HELP! I have 2 Lynx point Siamese. I have two litter boxes. One is a boy and one is a girl. Both 5 months old, both fixed. The girl goes to the litter box fine. The boy goes in, digs and digs then finally goes and instead of covering it up he scratches at the sides of the litter box like thats the litter to cover it up. He keeps switching the sides of the litter box and inevitably steps in his poop. He's been doing this since we got him at 3 months. I've tried bigger litter boxes, higher walls on the boxes, double sided tape on the sides so it will annoy him to touch the sides. I've tried three different types of litter, nothing works. His sister will jump in and cover it up for him but not before he steps in it. He just keeps stepping in his poop. I'm at my wits end and almost regret buying both of them. I've even tried gently using his own paws to cover it up after he poops and he still doesn't get it. I need help.


----------



## lymorelynn (Oct 4, 2008)

Oh dear. I was going to say they grow out of it - many young kittens will walk in their poo but I think your boy is old enough not to. One of my girls scratches the sides of the box but she does cover her poo and one girl who doesn't cover but manages not to step in it. I can only suggest removing the poo as soon as he goes if you can - not easy if you're not around when he goes. Put a mat outside the litter box to hopefully clean his paws before he gets any further. If his poo is very soft try a change in his diet to make it more solid and less messy if he does step in it.
And welcome to PF :Cat


----------



## chillminx (Nov 22, 2010)

Hi @MaxPoopyPaws, some cats do scrape the sides of the box and not bury their poo. I don't think you will stop him doing that. Nor is it likely to make a difference if you try and guide his paws to show him how to bury his poo. If he is going to change his habits he will learn of his own accord by seeing how his sister behaves in the box.
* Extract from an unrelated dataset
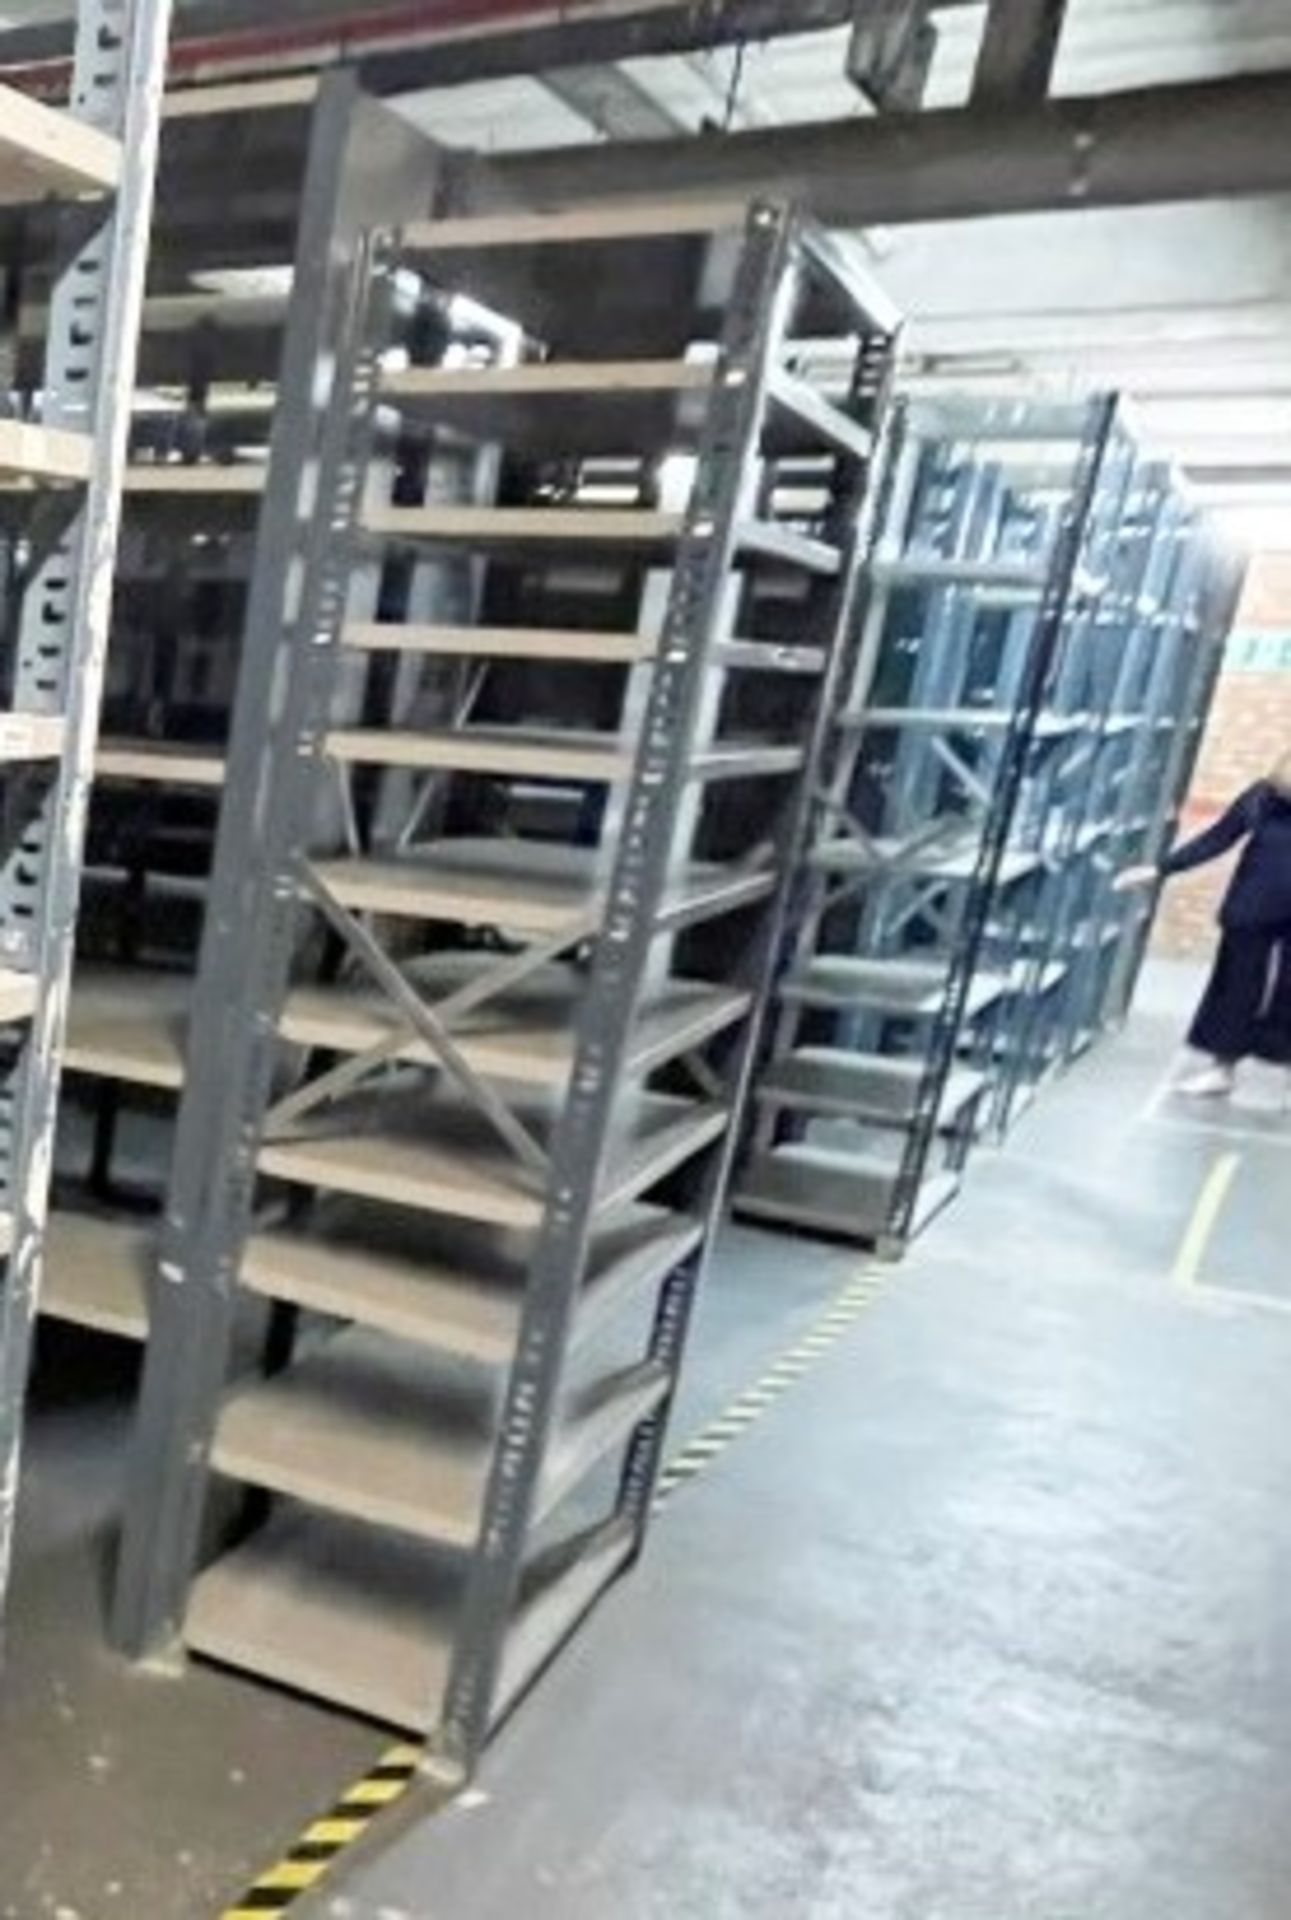 7 x Bays of Metal Warehouse Storage Shelving - H270 x W100 x D52 cms - 100cm Width Per Bay - CL670 - - Image 2 of 2

Stepping in his poo is a problem though, I agree. It is still possible he may grow out of it, I once had a cat whose co-ordination was not great at 6 mths old and he used to step in his poo and he did eventually grow out of it I am pleased to say.

I know you have tried different boxes, but I would try offering an extra large box. An open box, and locate it in a well lit area so he can see clearly where he is stepping in the box.

Also use a litter that is soft on paws, as it may possibly influence him to actually bury his poo rather than scrape the sides of the box. And use a clumping litter if you are not already doing so, as the litter box gets less quickly contaminated that way. In the UK Cats Best Oko Plus litter is liked by many cats. Not sure if it is available where you are. Also cat litters made from cereals such as corn are well liked by cats.

His poo needs to be firm and formed, not soft, or sticky. If it is not firm and formed then as Lynn advised, review his diet. Dry food is known for causing soft sticky stools in some cats, or even diarrhoea.


----------